LA VERA+CRUZ CELEBRA ESTE MARTES SOLEMNE EUCARISTÍA POR LOS NIÑOS ABORTADOS EN 2015

Como se relata en el Nuevo Testamento, el Rey Herodes ordenó una matanza en Belén para acabar con todos los niños menores de dos años y asegurarse, de esta forma, que el anunciado Mesías, futuro Rey de Israel, era asesinado. Desde entonces, la Iglesia Católica conmemora cada 28 de diciembre la fiesta de los Santos Inocentes, para recordar esas crueles muertes infantiles.

Es por ello que, la Hermandad de la Vera+Cruz celebrará una Solemne Eucaristía por las almas de los niños abortados en el año 2015, la cual tendrá lugar este martes 29 de diciembre, a las 19'00 horas en la Iglesia Mayor Parroquial de Nuestra Señora de la O. La misma estará presidida, en nombre del Señor, por el Muy Ilustre Sr. D. Juan Celio Jacinto del Castillo Espinosa, pbro. (Canónigo Prefecto de Liturgia de la S.I.C. de Jerez de la Frontera, Párroco de la de Nuestra Señora de la O de nuestra ciudad, y Director Espiritual de la Hermandad).

Asimismo, la citada corporación del Viernes Santo exponen que, "como miembros de la Iglesia y actuando en conciencia con los valores de la Comunidad Católica", se suman al hecho de la defensa de la Vida y, de la misma forma se acogen al siguiente manifiesto:

PRIMERO.- Que el derecho a la vida es aquel derecho natural, originario y primario que tiene todo ser humano desde su etapa inicial, embrionaria y fetal, hasta su muerte; constituyéndose la propia vida como un derecho fundamental, universal e inviolable y como sustentáculo del que penden el resto de derechos.

SEGUNDO.- Que ninguna consideración legal, cultural, política, científica o económica puede autorizar a disponer de esa vida y mucho menos a eliminarla; no debiendo disposición alguna legitimar un atentado contra la vida humana.
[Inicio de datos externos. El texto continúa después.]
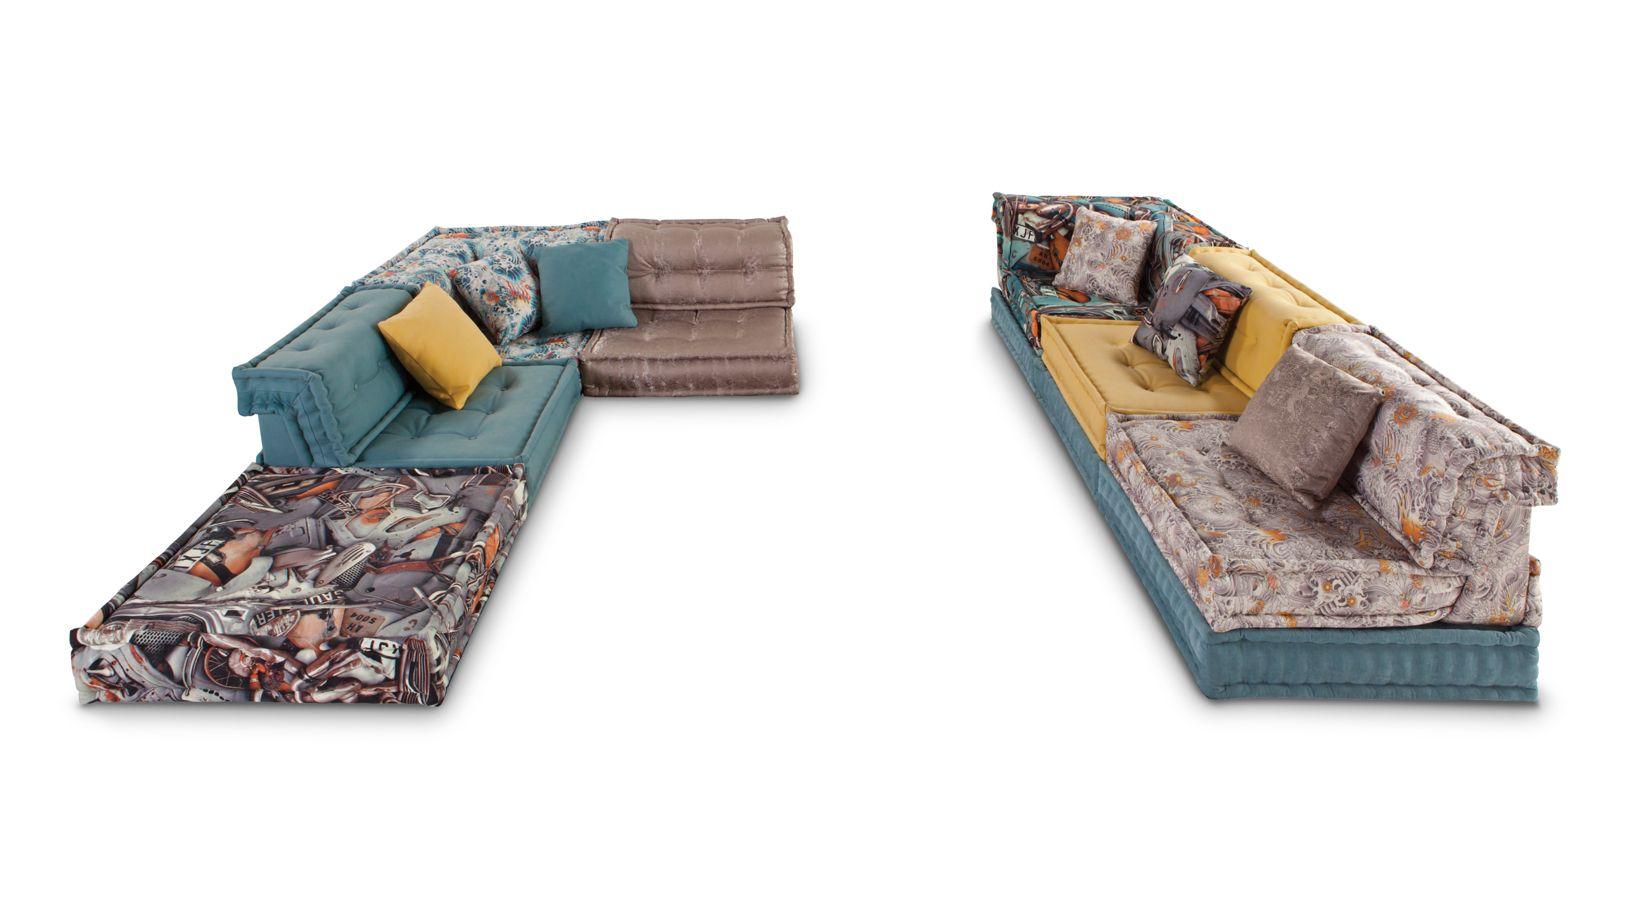 canap composable jean paul gaultier mah jong roche bobois. Black Bedroom Furniture Sets. Home Design Ideas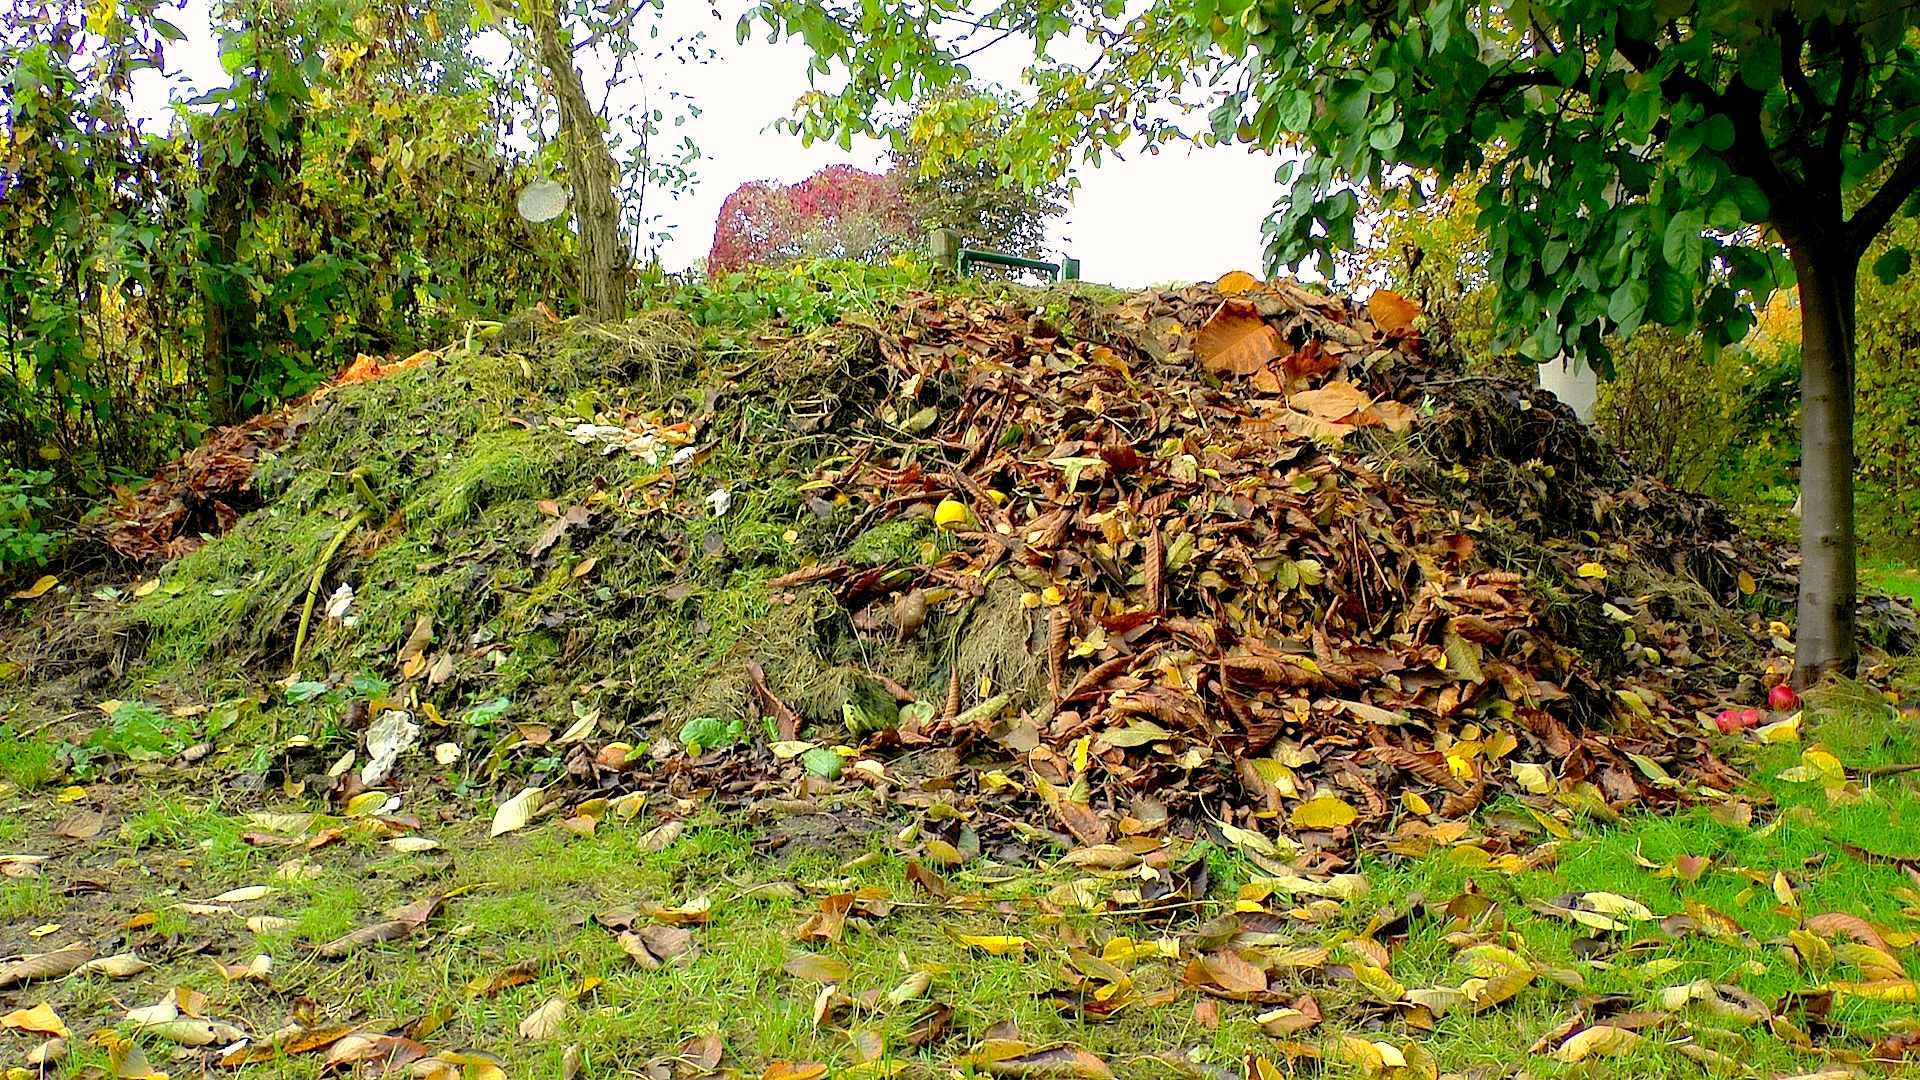 akb-komposthaufen-herbst

TERCERO.- Que desde el momento de la concepción estamos en presencia de una vida humana diferente a la de la madre que la alberga y del padre que contribuyó a engendrarla. Esta realidad es indiscutible. Por lo que, por la aplicación del principio de prudencia, bastaría incluso con que cupiese la menor duda al respecto para que, por precaución, se protegiera esa vida humana. Por lo tanto, es a aquellos que defienden que esa vida humana puede ser eliminada a voluntad a los que corresponde la carga de la prueba: si no pueden probar, más allá de cualquier duda razonable, que no estamos tratando con una vida humana diferente de la madre, tampoco pueden defender la legitimidad de su eliminación.

CUARTO.- Que nadie tiene derecho a disponer de una vida humana, y que el fruto de la concepción no puede constituirse como una parte del cuerpo de la mujer, sino una vida humana diferente, y, por tanto, no se le puede reconocer a la mujer el derecho a abortar.

La redacción de Gólgota21.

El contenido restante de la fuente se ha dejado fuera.